American operatic mezzo-soprano

Tichina Vaughn (born 19 September 1965) is an American operatic dramatic mezzo-soprano active internationally in opera, concert halls and recitals. Starting at the Lindemann Young Artist Development Program at the Metropolitan Opera, her American career expanded into Europe, as member of the permanent ensembles of the Semperoper in Dresden and the Stuttgart Opera, where she was awarded the title of Kammersängerin in 2006. She has been a regular at the Arena di Verona and other major theaters worldwide, singing a wide repertoire span, with a "voluminous and dark mezzo" voice the dramatic Verdi roles such as Amneris in Aida, Eboli in Don Carlo, Azucena in Il trovatore and Ulrica in Un ballo in maschera, Wagner's Ortrud Lohengrin, Venus Tannhäuser, Fricka Die Walküre, Waltraute in Götterdämmerung and Strauss, Herodias in Salome and Klytemnestra in Elektra.
According to Opernglas, Vaughn has a natural "great intensity" on stage, with an ample "voice, which flows richly, even in the low registers." The Neue Zürcher Zeitung describes her voice as an "enchanting satisfyingly rich mezzosoprano".
Bernard Holland of The New York Times called hers "A voice of quality", which had "the presence and personality that might well fit the Met... a mezzo-soprano whose strong upper register gave hints of a dramatic soprano to come".

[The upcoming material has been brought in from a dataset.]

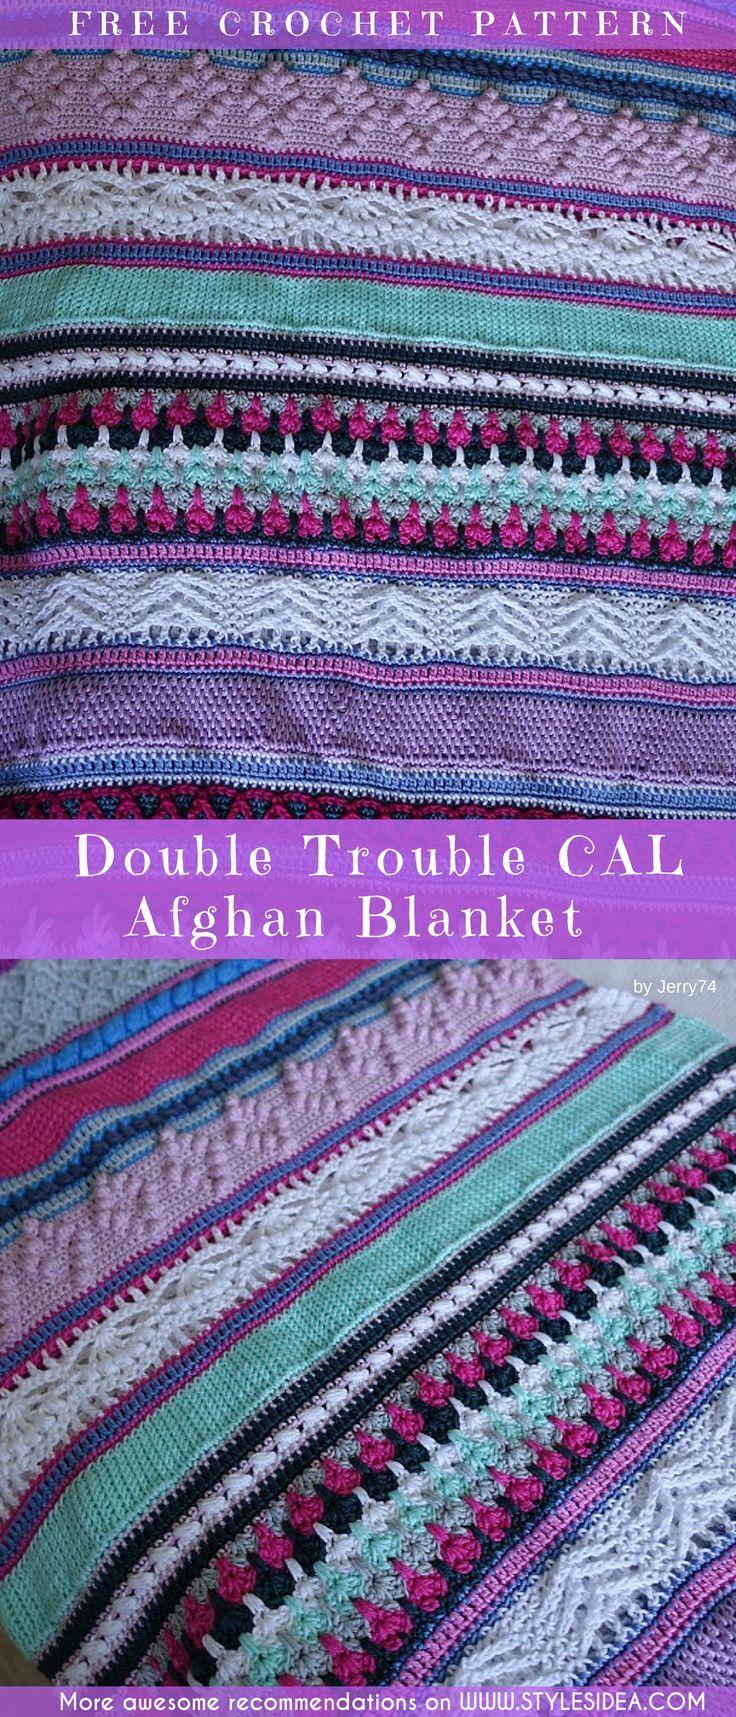 Double Trouble CAL Afghan Blanket Free Crochet Pattern | Pinterest ...

== Early life and education ==

Born in Baltimore, Maryland to Lucinda Vaughn, a single mother, Tichina Vaughn was raised in Winston-Salem, NC where she began singing at 6 years old in the Tots Choir at Shiloh Baptist Church. She studied the clarinet and played in concert and marching bands. At Northside High School for the Performing Arts (currently North Atlanta High School) she began performing as featured singer with the Touring Company graduating in May 1983.
In September 1983 Vaughn began formal vocal study with the mezzo-soprano Florence Kopleff at Georgia State University.
In January 1985, Vaughn studied at the University of North Carolina school of the Arts (now UNCSA) under Prof. Fredric Moses. Vaughn also attended the American Institute of Musical Studies in Graz, Austria, where she was a finalist in the Meistersinger Competition in 1987. She earned her bachelor's degree in Vocal Performance from UNCSA in 1989 and was engaged at Wolf Trap Opera as a Filene Artist in the summers of 1989 and 1990.

== American career ==

She began her professional career as a member of The Lindemann Young Artist Development Program at the Metropolitan Opera after winning The Metropolitan Opera National Council Auditions in April 1989. She made her stage debut at the Met in 1990 as a member of the Young Artist Program singing under Nello Santi, John Fiore and James Levine.
Vaughn's first leading role was Amneris in Verdi's Aida at the Seattle Opera in 1992. This success prompted invitations for Aida from Detroit Opera (1993), Opera Pacific (1995), Tulsa Opera (1997), and Hong Kong Opera Society (1997), and established her as a young Verdi mezzo-soprano. Additional Verdian leading roles in the early years included Princess Eboli in Don Carlos in Seattle (1993), and the Requiem in Santiago, Chile (1992), Buenos Aires (1992), and San Antonio Symphony (1993).

== International career ==

Since the late 1990s Vaughn has worked internationally. Singing mostly mainstream Italian repertoire, Vaughn added numerous roles in German. Boris Gruhl wrote of her Klytemnestra in Elektra, "The manner in which she expresses (Klytemnestra's) nightmares is deeply harrowing. She has the right timbre for the tragedy of the guilty queen, and her scenes of desperate loneliness make her a tragic partner for Elektra." Vaughn's Venus in Tannhäuser at the Hamburg State Opera "bewitched her minstrel with her charmingly sensual, powerful mezzo and her personal charisma. Even in her short appearance in the third act, one could feel the presence of her strong personality." Her "superbly dramatic Herodias" in Salome became a signature role in Stuttgart, Frankfurt and Dresden.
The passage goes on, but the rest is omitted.